おいちゃんには美人の?嫁さんと可愛い子どもがいます。酒をやめ続けることにより、今までに失ったものはきっと取り戻せるはずです。もう一歩突っ込んでアルコール依存症になって良かったという日が訪れるのを期待します。  

阪和線の東岸和田駅を降りるとすぐバス通りです。そこを右に曲がって踏み切りを渡り、横断歩道を左折します。線路に沿って真っすぐに行くとトークタウンという専門店街があります。

その中心がスーパーのニチイです。大和高田のオークタウンの3倍はありそうです。大阪のベッドタウンのショッピング街は、いくら田舎の岸和田といってもスケールが違います。

バスの時間待ちでぶらつくのですが、30分が短く感じられました。これからは帰院の途中が楽しみになりそうです。 

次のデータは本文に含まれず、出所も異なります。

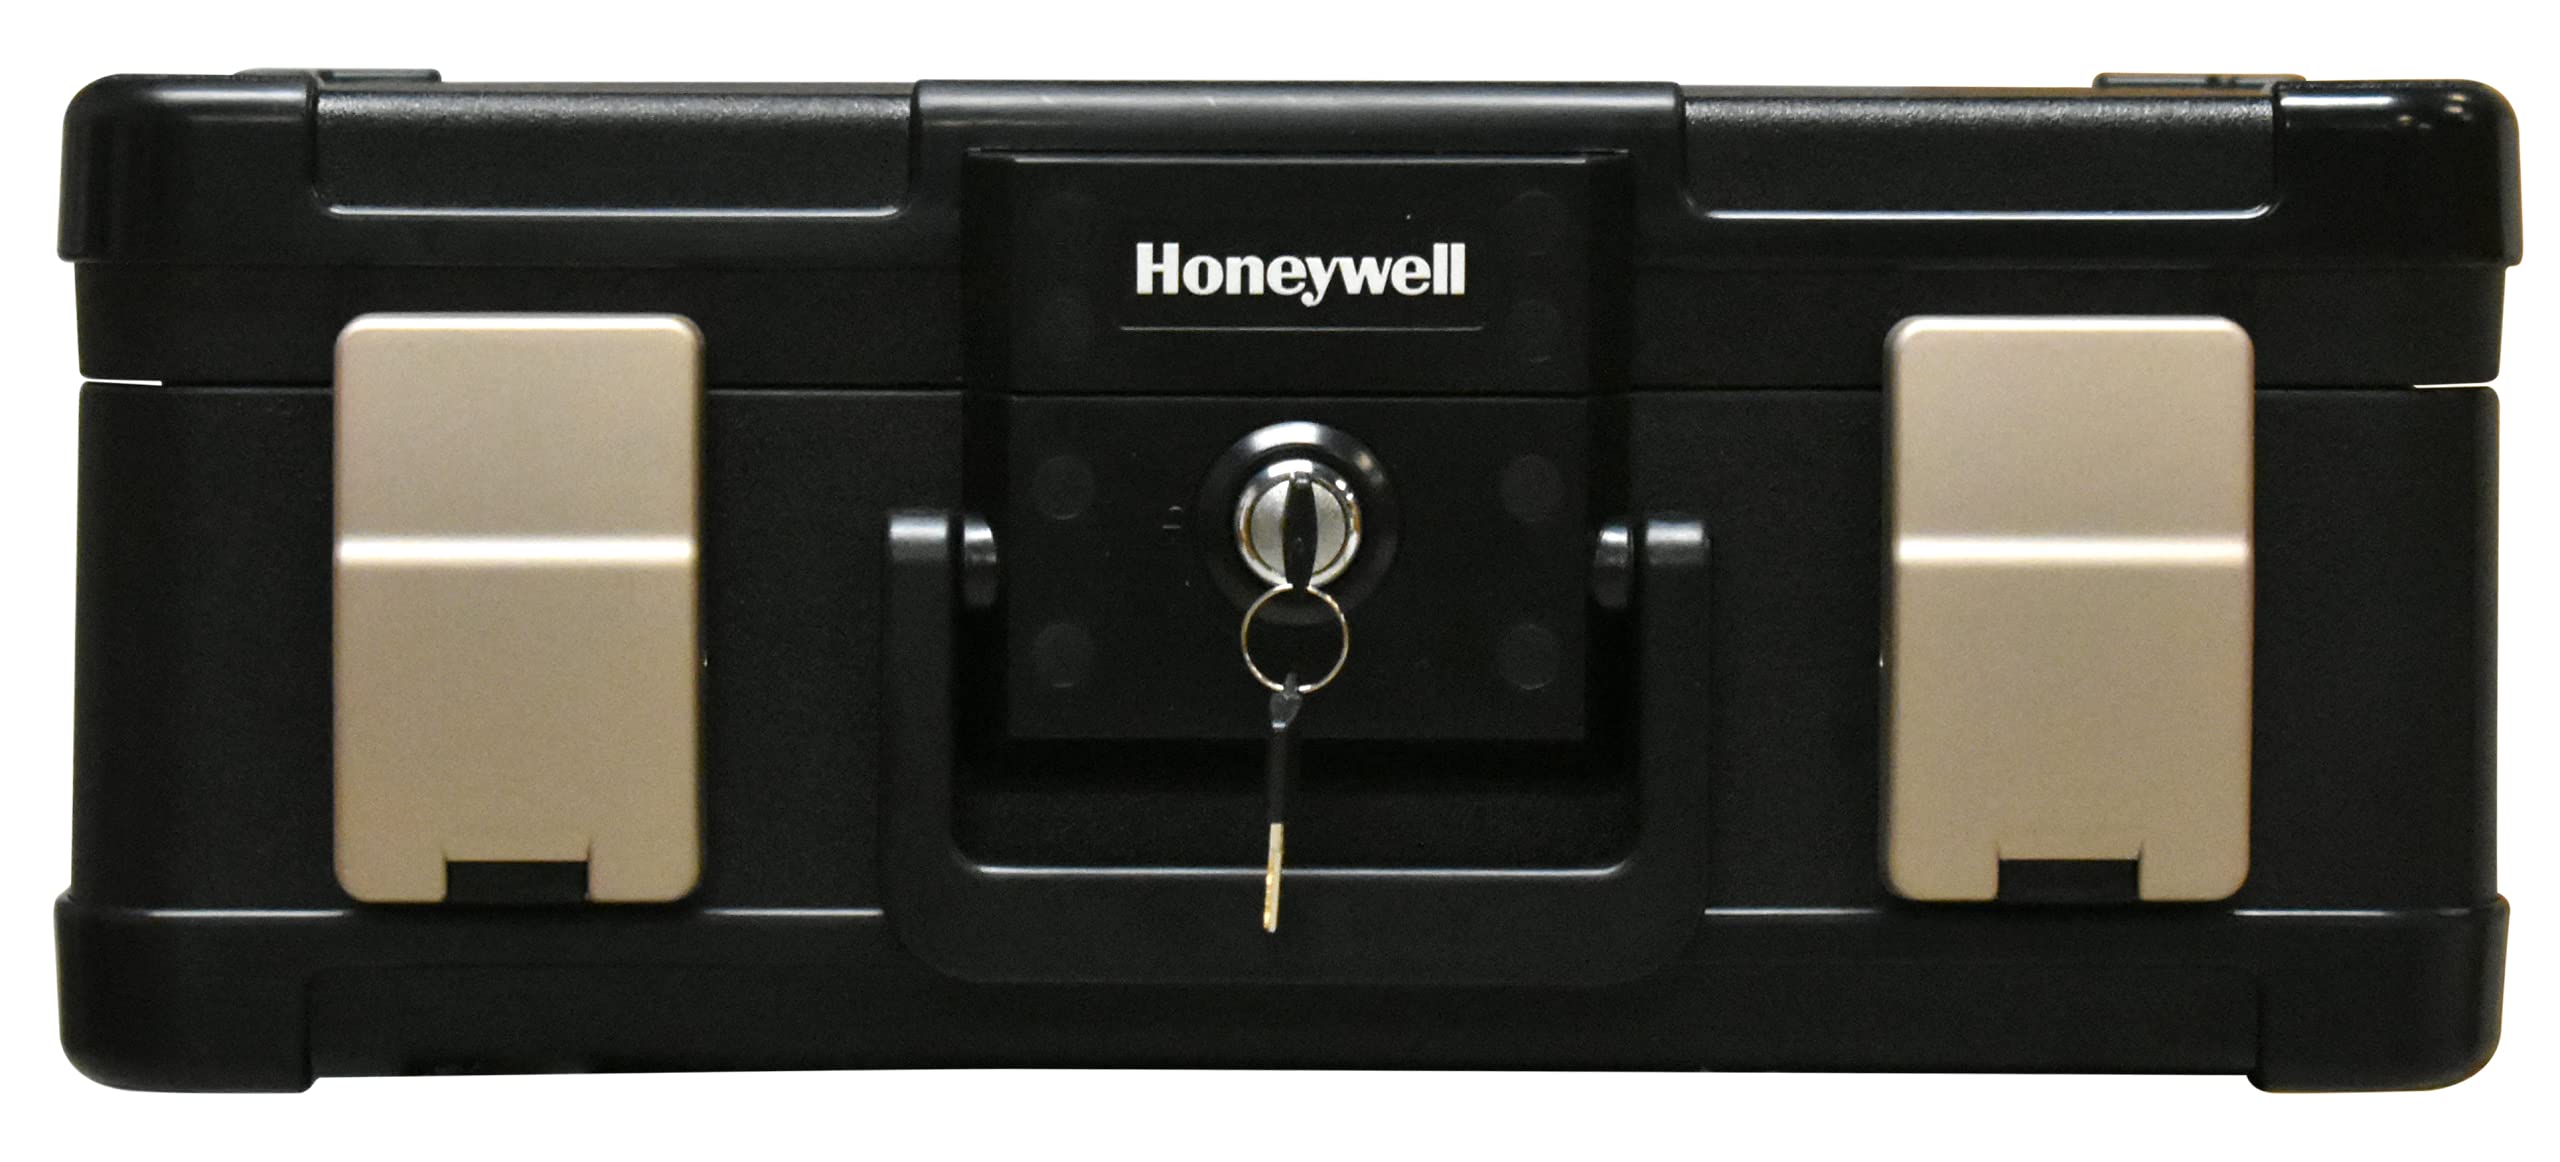 Honeywell Safes - 1103 Fire Safe & Waterproof Safe Box Chest with Carry Handle for Storing Documents in Home/Office/Safes - Medium (Black 0.27 cubic feet)

アルコール依存症で神経に異常をきたしていたころ、病気の完治を何を根拠に確認するかという問題が常にありました。それは近鉄電車の”急行”に乗って大阪へ出ていけたときと漠然と想像していたのです。  

急行電車に乗って大和高田以遠にはなかなか行けません。高田までは5分です。これくらいなら閉じ込められても我慢できます。しかし、高田を出てドアが閉まると、そのまま30分近く鶴橋までは何が起ころうと降りることができないからです。

そう考えるとドキドキの予期恐怖が生じます。その気持ちがこびりついている間は、どうしても高田から先へ酒なしで行くということは不可能でした。  

今日で2回、急行に乗って大阪へ出ることができました。高田を過ぎても心は平静です。完治です。

昨日も、無理するな、特急で行けば楽じやないかと恐怖をあおろうとする心がおいちゃんにささやきかけます。でもまあいいや、で解決です。

明日しんどかったら、特急で行ったらええ。今日はなんとなく急行でいけそうだからと心が恐怖に打ち勝ちます。

思っているようなことは決して起こらないと感じながら、心に不安を浮かび上がらせたままにしておけたのです。  

今朝もam、6:00に目が覚めて「特急券を買いに行こうか」と一瞬安心を求める心がよぎりました。5年かかってこびりついた感情はなかなかしつこいものです。でも急行で大阪へ出れました。バンザイ!

(この記事はブログの原点になるアルコール依存症からの回復日記である。
昭和61年(1986年)、アルコールの専門病院に入院したわたしが妻に向けて毎日書き綴った手紙で、病院の玄関にある郵便ポストに切手を貼って退院の日まで投函し続けた。)